Cependant, tout en écoutant silencieusement les explications de son ami, M. de Flammermont paraissait soucieux.
—À quoi penses-tu donc? lui demanda tout à coup Fricoulet.
—Mon Dieu, répliqua le jeune comte, tu vas rire de moi, sans doute, mais il me vient une crainte.
—Laquelle?
—C'est que, à une certaine distance du sol lunaire, les ondes vibrantes n'aient plus assez de force pour nous entraîner en avant.
L'ingénieur fronça les sourcils.
—Parbleu! dit-il, il se pourrait bien que cela arrivât.
Puis, s'adressant à Ossipoff:
—M. de Flammermont pense que notre force motrice ne sera pas suffisante pour nous amener jusqu'au terme du voyage.
—Et sur quoi basez-vous cette supposition? mon cher enfant, demanda le vieillard.
Pour le coup, Gontran se trouvait fort embarrassé de répondre et il lança à Fricoulet un regard désespéré.
Heureusement, ce fut l'ingénieur qui répondit à sa place en tendant à Ossipoff une feuille de son carnet.
Sur cette feuille se trouvait, inscrite au crayon, la formule algébrique suivante:
A= | √ | L 189 +v V+P | = 980,400 |
—Qu'est-ce que cela? demanda le vieillard en écarquillant les yeux.
—Ça, répondit Fricoulet, c'est la preuve mathématique que l'ami Gontran à raison.
Et comme le vieillard se tournait déjà vers M. de Flammermont, l'ingénieur se hâta de répondre à la question qui allait être posée à son ami:
—À nous trois, dit-il, nous pesons deux cent cinq kilogrammes.
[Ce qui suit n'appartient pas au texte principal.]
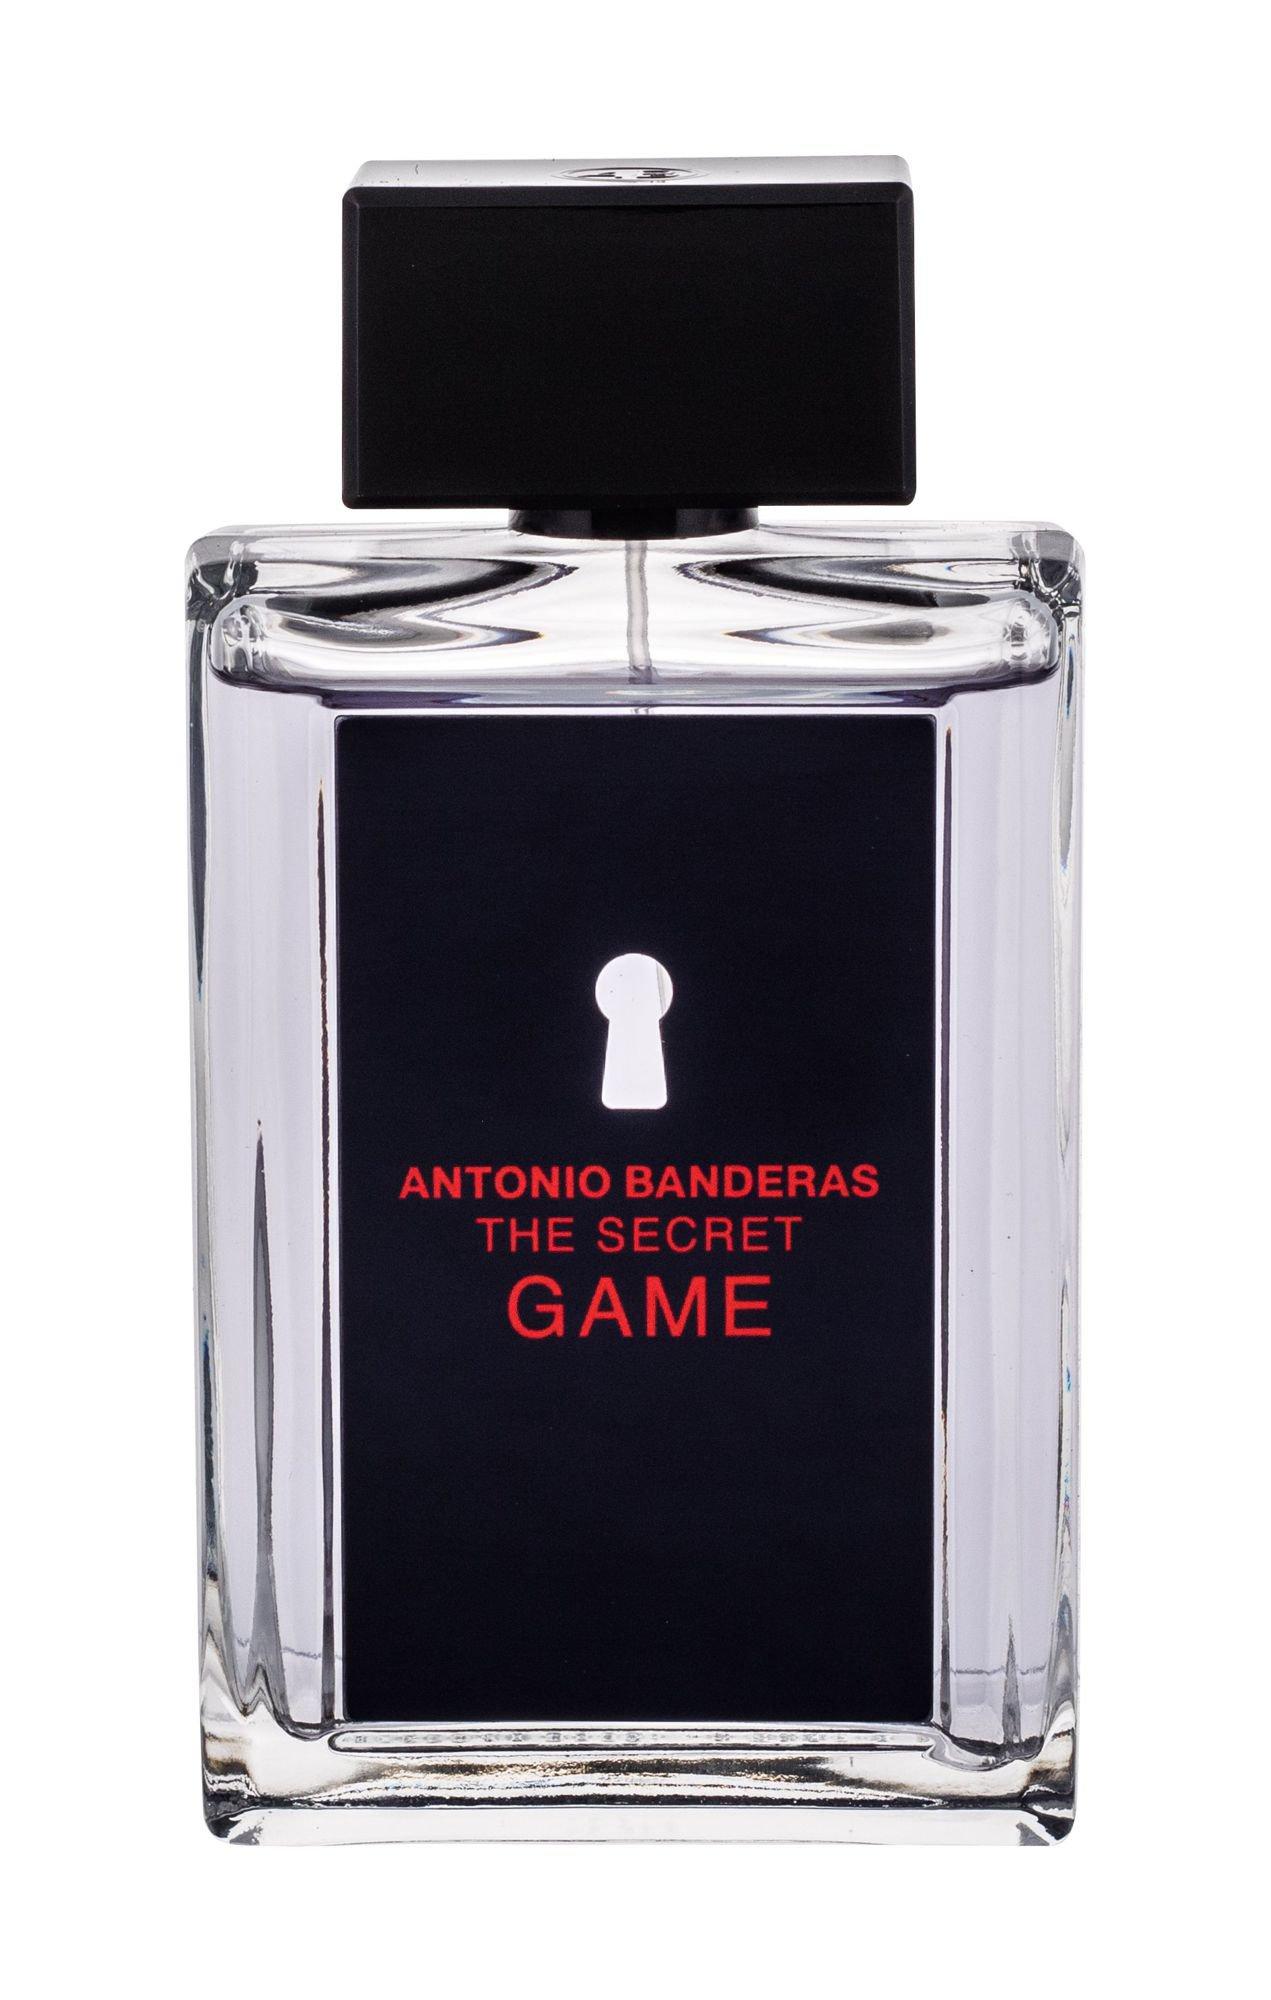 Antonio Banderas The Secret Game, Toaletná voda 100ml

Or, en tenant compte de la déperdition constante de force motrice, au fur et à mesure de notre éloignement, il est facile de calculer que, forcément, il viendra un moment où cette force, diminuant constamment, deviendra absolument nulle. C'est pourquoi, représentant par v la vitesse de l'appareil et en le multipliant par L 189, intensité de la pesanteur à la surface lunaire, je les divise par V (Vénus), plus P (notre poids), j'en prends la racine carrée et j'arrive à ce résultat: à 980,400 kilomètres de la Lune, nous nous arrêterons.
M. Ossipoff avait écouté, sans les interrompre, les calculs de l'ingénieur.
Quand celui-ci eut fini, le vieillard demeura, quelques instants encore, plongé dans ses réflexions, puis enfin il murmura:
—C'est juste... fort juste... mais alors...
Il regarda alternativement ses deux compagnons et ajouta:
—Il faudrait que l'un de nous demeurât ici pour alléger l'appareil.
Fricoulet sourit:
—En ce cas, fit-il, je ne vois que moi auquel puisse convenir ce rôle d'abandonné, car ni vous ni Gontran, l'un le père, l'autre le fiancé, ne pouvez vous dérober au devoir qui vous incombe de courir après le ravisseur de Séléna.
—Je n'osais point vous le proposer, ajouta le vieillard, mais puisque vous reconnaissez vous-même qu'il n'y a pas moyen de faire autrement...
Mais cette combinaison n'était nullement du goût de M. de Flammermont.
Se séparer de Fricoulet! Fricoulet, son inspirateur, celui qui lui tendait la perche pour le sortir des bains dangereux dans lequel le plongeaient, à tous moments, les questions embarrassantes de M. Ossipoff.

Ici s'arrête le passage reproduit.